# Classification Example
 Two-class classification, or binary classification, may be the most widely applied kind of machine-learning problem. In this example, you’ll learn to classify movie reviews as positive or negative, based on the text content of the reviews.
## The Dataset: The IMDB dataset
We’ll work with the IMDB dataset: a set of 50,000 highly polarized reviews from the Internet Movie Database. They’re split into 25,000 reviews for training and 25,000 reviews for testing, each set consisting of 50% negative and 50% positive reviews.

In [None]:
import os, time
import tensorflow as tf
physical_devices = tf.config.experimental.list_physical_devices('GPU')
tf.config.experimental.set_memory_growth(physical_devices[0], True)

tf.keras.backend.clear_session() 

from tensorflow.keras.datasets import imdb
(train_data, train_labels), (test_data, test_labels) = imdb.load_data(num_words=10000)

The argument num_words=10000 means you’ll only keep the top 10,000 most fre- quently occurring words in the training data. Rare words will be discarded. This allows you to work with vector data of manageable size. The variables train_data and test_data are lists of reviews; each review is a list of word indices (encoding a sequence of words). train_labels and test_labels are lists of 0s and 1s, where 0 stands for negative and 1 stands for positive:

In [None]:
train_data[0]

In [None]:
train_labels[0]

In [None]:
# Because you’re restricting yourself to the top 10,000 most frequent words, no word index will exceed 10,000:
max([max(sequence) for sequence in train_data])

Here’s how you can quickly decode one of these reviews back to English. Note that the indices
are offset by 3 because 0, 1, and 2 are reserved indices for “padding,” “start of sequence,” and “unknown.

In [1]:
word_index = imdb.get_word_index()
reverse_word_index = dict([(value, key) for (key, value) in word_index.items()])
decoded_review = ' '.join([reverse_word_index.get(i - 3, '?') for i in train_data[0]])


NameError: name 'imdb' is not defined

## Data preparation
You can’t feed lists of integers into a neural network. You have to turn your lists into tensors. There are two ways to do that:
- Pad your lists so that they all have the same length, turn them into an integer tensor of shape (samples, word_indices) , and then use as the first layer in your network 
- One-hot encode your lists to turn them into vectors of 0s and 1s. 

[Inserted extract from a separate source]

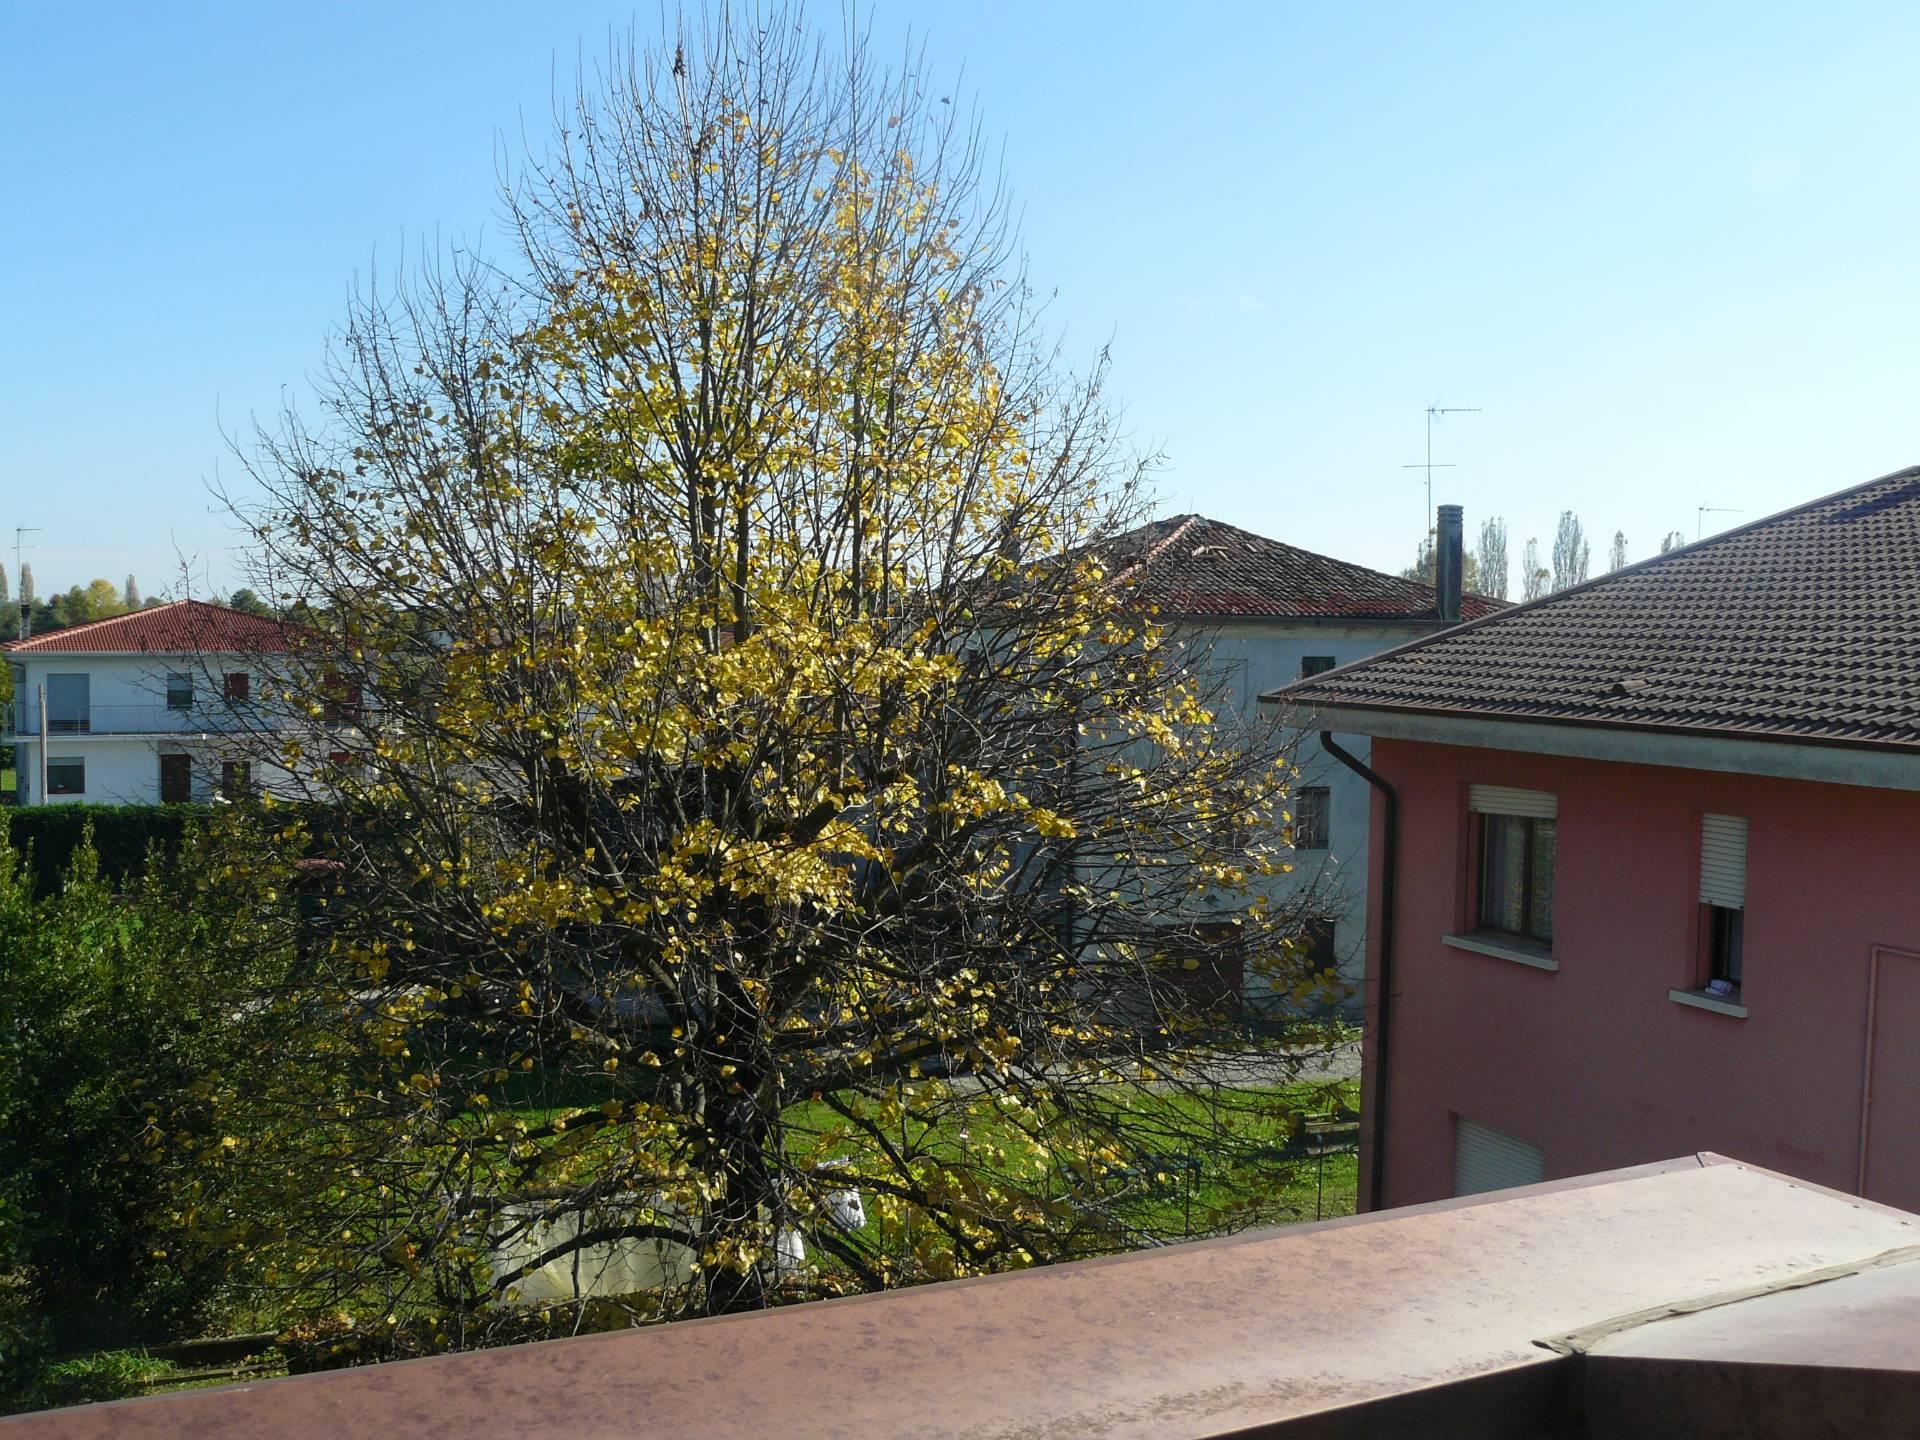 Appartamento in vendita a Silea, 8 locali, prezzo € 240.000 | Cambio Casa.it

We will use the latter solution as it is the most common

In [None]:
import numpy as np
def vectorize_sequences(sequences, dimension=10000):
    """Creates an all-zero matrix of shape (len(sequences),dimension)"""

    results = np.zeros((len(sequences), dimension))
    for i, sequence in enumerate(sequences):
        results[i, sequence] = 1.
        # Sets specific indices of results[i] to 1s
    return results

x_train = vectorize_sequences(train_data)
x_test = vectorize_sequences(test_data)

In [None]:
# Here’s what the samples look like now:
x_train[0]

In [None]:
# We should also vectorize your labels, which is straightforward:
y_train = np.asarray(train_labels).astype('float32')
y_test = np.asarray(test_labels).astype('float32')
# Now the data is ready to be fed into a neural network.

## Model Architecture
There are two key architecture decisions to be made about such a stack of Dense layers:
- How many layers to use
- How many hidden units to choose for each layer

We are going to buils a model with the next configuration:
- A dense layer with 16 units, relu activated.
- A dense layer with 16 units, relu activated.
- A dense layer with 1 unit, sigmoid activated.


In [None]:
from tensorflow.keras import models
from tensorflow.keras import layers
model = models.Sequential()
model.add(layers.Dense(16, activation='relu', input_shape=(10000,)))
model.add(layers.Dense(16, activation='relu'))
model.add(layers.Dense(1, activation='sigmoid'))

### Compiling the model  
Finally, we need to choose a loss function and an optimizer. Because you’re facing a binary classification problem and the output of your network is a probability (you end your network with a single-unit layer with a sigmoid activation), it’s best to use the binary_crossentropy loss. 

In [None]:
from tensorflow.keras import optimizers
from tensorflow.keras import losses
from tensorflow.keras import metrics
model.compile(optimizer=optimizers.RMSprop(lr=0.001),
              loss=losses.binary_crossentropy, 
              metrics=[metrics.binary_accuracy])

In [None]:
x_val = x_train[:10000]
partial_x_train = x_train[10000:]
y_val = y_train[:10000]
partial_y_train = y_train[10000:]

history = model.fit(partial_x_train, 
                    partial_y_train,
                    epochs=20, 
                    batch_size=512, 
                    validation_data=(x_val, y_val))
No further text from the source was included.